BY Gregor Quack in Reviews | 11 AUG 15
Featured in
Issue 21

Ancient Carriers

Markus Lüttgen

G
BY Gregor Quack in Reviews | 11 AUG 15

Ancient Carriers, 2015, installation view

The need to recall one’s past in order to master the present is a favourite platitude of motivational speakers. The group exhibition Ancient Carriers suggested that this piece of wisdom can also be turned around. What the five artists in the show have in common is the realization that popular eschatology is often acutely revealing about our own myths of origin. It is fitting that this should have been the first group exhibition at the new location of Galerie Markus Lüttgen: after several years, Lüttgen bid farewell to the fabled art hotspot of Berlin and returned to his former base, Cologne. Where others might have taken the opportunity to look back on past achievements, Lüttgen invited the curator of Kunstverein München Saim Demircan (a regular contributor to this magazine) who put together a show with five artists not represented by the gallery, four of them very young.
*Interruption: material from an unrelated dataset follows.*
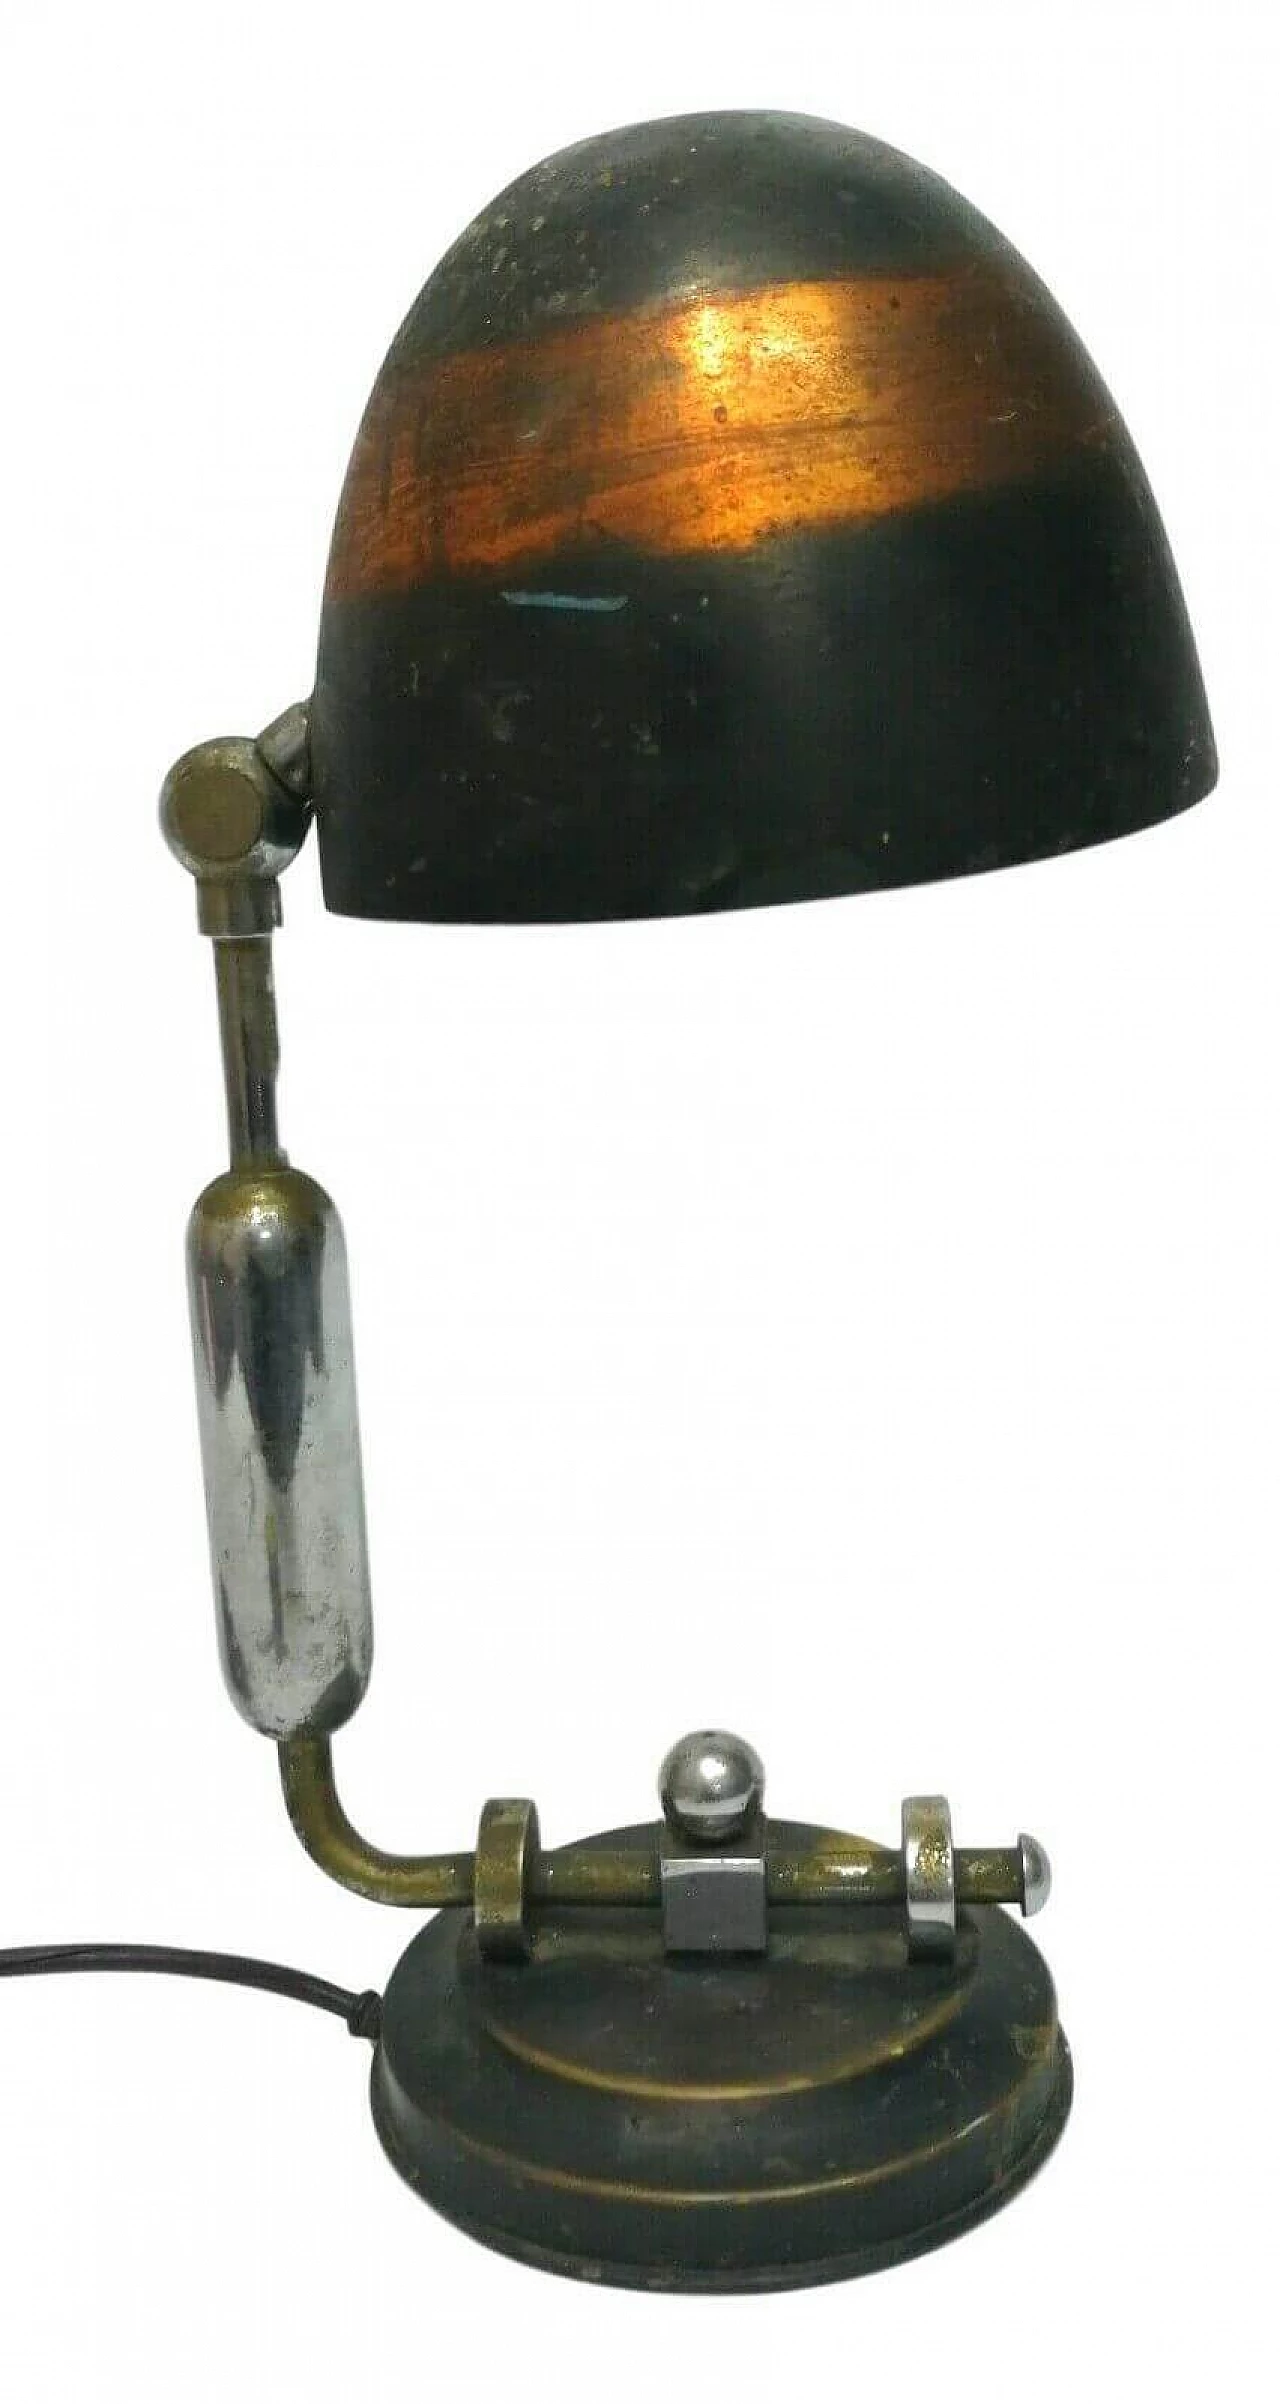 Bauhaus industrial table lamp by Anker Lyhne, 1950s 1163920

The two-level architecture of the new gallery space automatically divided Ancient Carriers into two halves. The ground floor was watched over by a long-necked monster in a painting by Andreas Schulze (Untitled, 2000) – an indefinable mixture of Loch Ness monster and Japanese Kaiju. While Nessie evoked primeval horrors, the Japanese movie beasts stood for humanity’s insane striving for nuclear weapons and domination of the environment. Faceless and mute, Schulze’s creature combines the two. Painted using the artist’s signature bright palette, it provided the perfect starting point for an exhibition that packaged heavy philosophical questions in the supposedly garish formal idioms of sci-fi and fantasy.
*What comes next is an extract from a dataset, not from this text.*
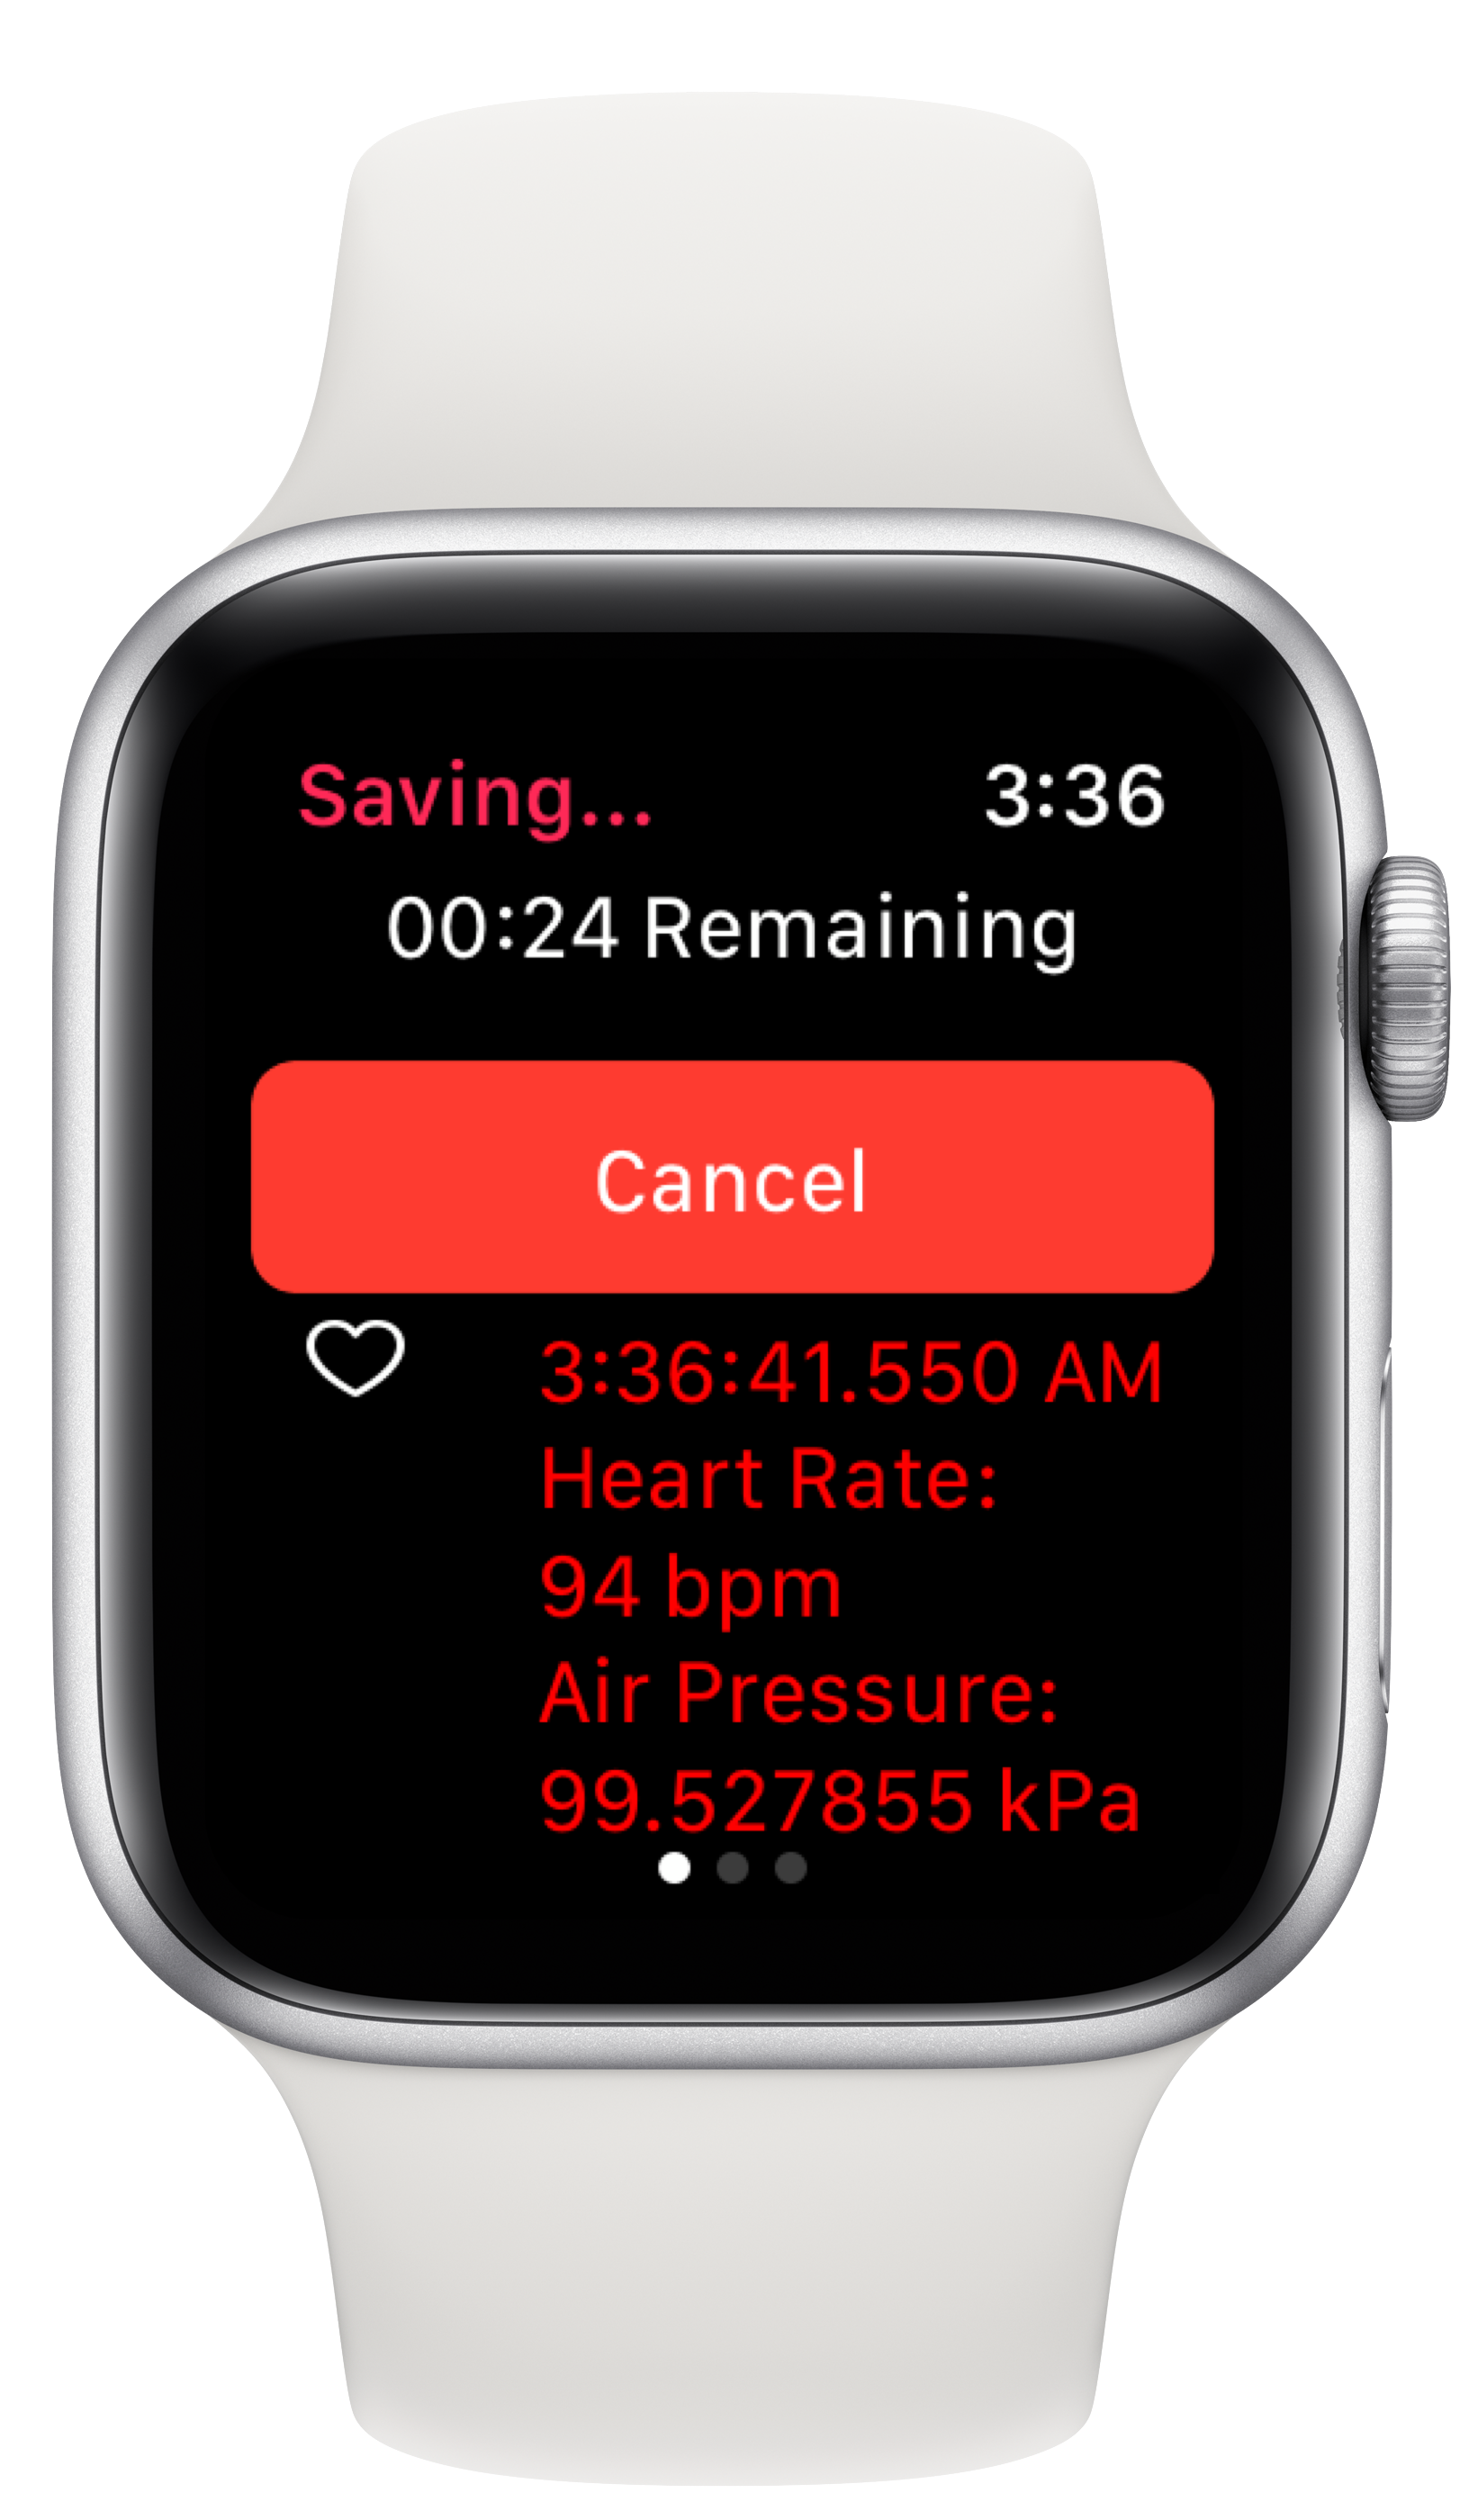 HeartCloud Sync Apple Watch app on Apple Watch with white band showing a countdown timer (24 seconds left), heart rate bpm and air pressure kPa data in red

Ancient Carriers, 2015, installation view

The same applied to the six of Veit Laurent Kurz’s Megaya Scepters (2014–15) that were spread around this room. With the kind of meticulousness usually found among tabletop gamers or fans of cosplay, Kurz has implanted USB ports and other technological interfaces into found branches. Overgrown with moss and weeds, they are also adorned with pneumatic tubes and hi-tech fabrics. In the past, Kurz’s use of model-making techniques has often been geared towards a contemporary product and wellness aesthetic, as in last year’s market launch of the fictitious dietary supplement Herba 4 with the online magazine DIS. But the presence of Schulze’s mute guardian drew attention to the End Times quality of the sculptures. With their switches and compressed air canisters, they looked like improvised post-apocalyptic combat rifles.

On the upper floor, too, the space was structured by figurative painting. In Magnus Andersen’s Naughty Flaughty Flegeljahre (2014), the viewer’s gaze is met by that of a red-eyed flautist. He wears ‘oriental’-looking pointed slippers and a fur cap, and the frame bears totem-like carvings. This play on clichés of the noble savage and tribal art became interesting in contrast to Andersen’s second work in the show: the tax collector in Tax Boy (2014), who also wears an antiquated fantasy outfit, albeit while engaged in the most civilized and least romantic of all activities. Here, the noble savage is juxtaposed with his equally stereotypical opposite. In spite of their archaic traits, both characters come to us from an imaginary future. As the press release reveals, Andersen’s pictures illustrate a relatively typical science-fiction scenario: after the collapse of existing structures, a youthful leftover population regresses to Bronze Age behavioural patterns in its struggle to survive. Like its popular precursors, Andersen’s vision emerges from a logical thinking-through of the economic and personal liberalizations of our times. But whereas other literary and cinematic scenarios are obliged to devise seamless worlds, Andersen’s cleverly clichéd coupling allows the viewer to join in the speculation. When the time comes to found a new society, which impulse is stronger – the wandering musician’s love of freedom, or the calculating taxman’s desire for order? To ask this question is to touch on fundamental, timeless problems. And the more fundamental the questions become, the smaller the difference between distant past and remote future.